Kuwait Times

Fake news fuels Catalonia crisis

-

MADRID: Footage from a five-year-old miners’ strike, a paralysed young boy and woman’s broken fingers: images swarming Spanish social media during the Catalonia independen­ce crisis have one thing in common. They all are fake news. Misleading news reports, often about violence involving police, and partisan media coverage have fueled tensions as each side seeks to influence the outcome of Spain’s toxic political crisis. One photo of a woman whose fingers were allegedly broken by police to stop her from voting during a banned independen­ce referendum in

Catalonia on October 1 was widely distribute­d on social media.
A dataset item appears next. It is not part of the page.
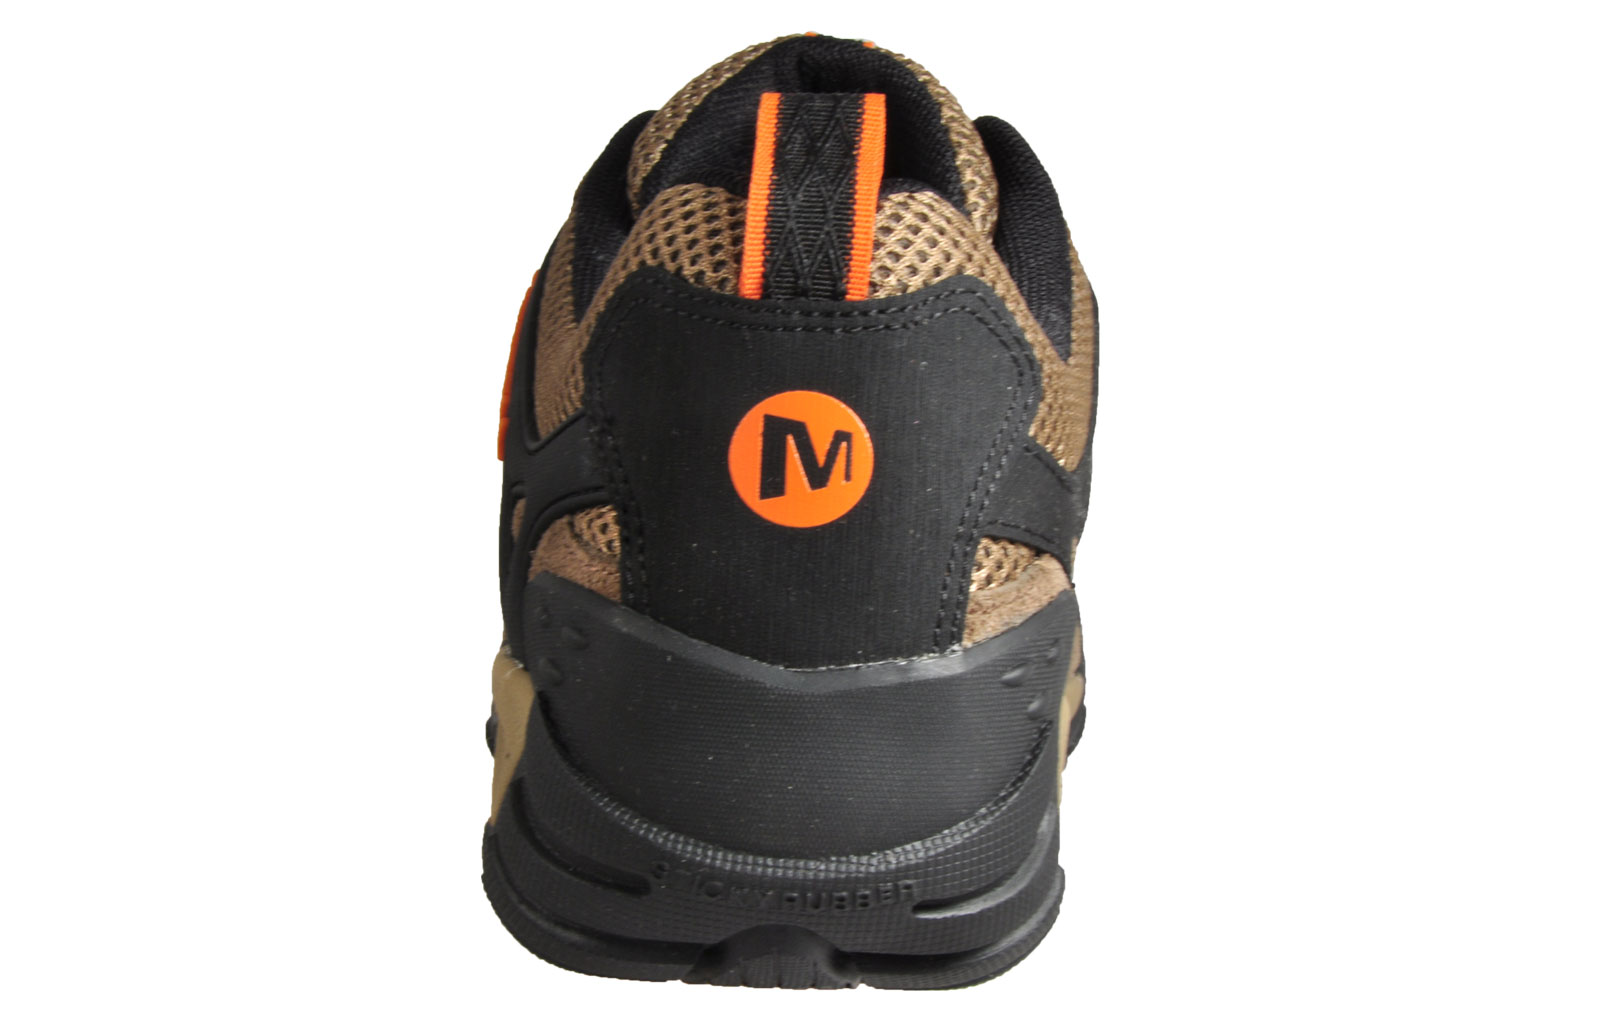 3bfbc3415cb5 Merrell Yokota Ascender Ventilator Men s Walking Hiking Outdoor Shoes Brown
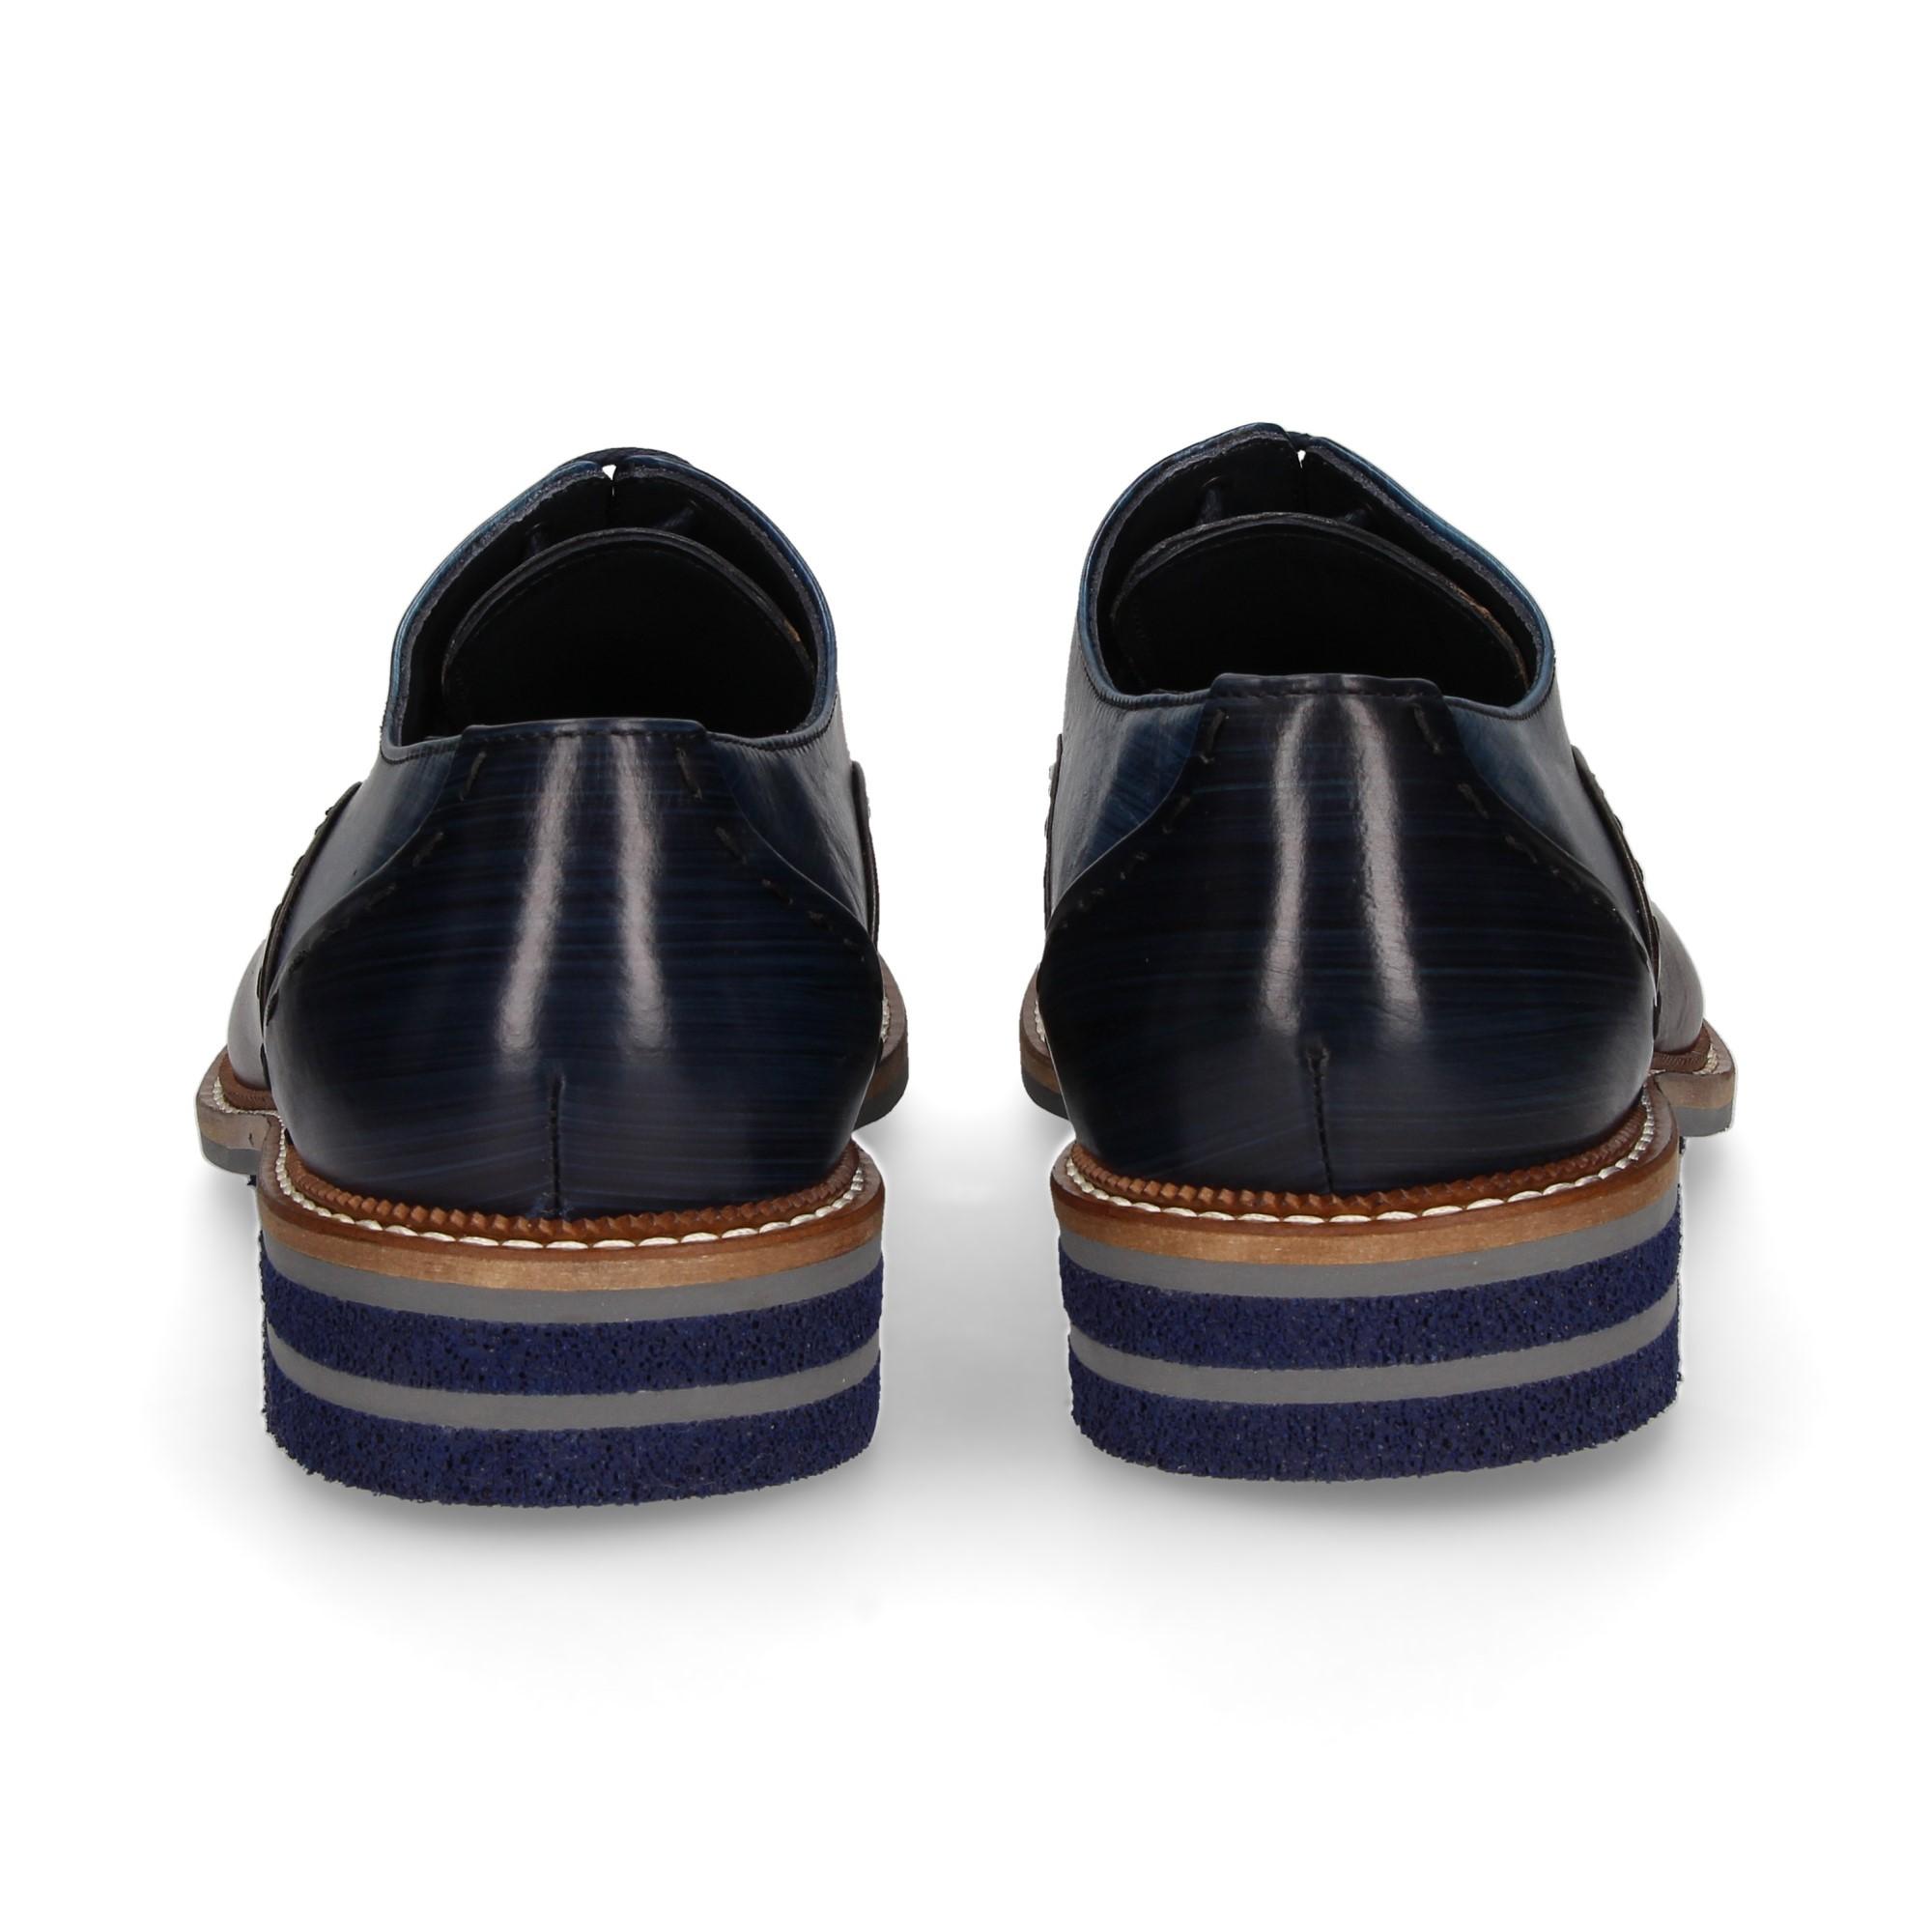 ingles-pcosturas-azul-gris-azulon

She later told Catalan television that doctors had only diagnosed swollen cartilage in her hand. Other widely-circulated reports said that a policeman sent to Catalonia to block the plebiscite had died while on assignment, and that a six-year-old boy had been paralyzed by police brutality. All were false. “We have never seen this in Spain until now,” Clara Jimenez, a journalist in charge of a popular Twitter account called “Maldito Bulo”, or “Damned Hoax”, which verifies stories that circulate online said.

She said the flood of fake stories started a few days before the referendum, which was marred by police violence. The bogus reports, shared widely online, form part of the global phenomenon of “fake news”, with Russia in particular being blamed for spreading misinforma­tion in a bid to influence politics.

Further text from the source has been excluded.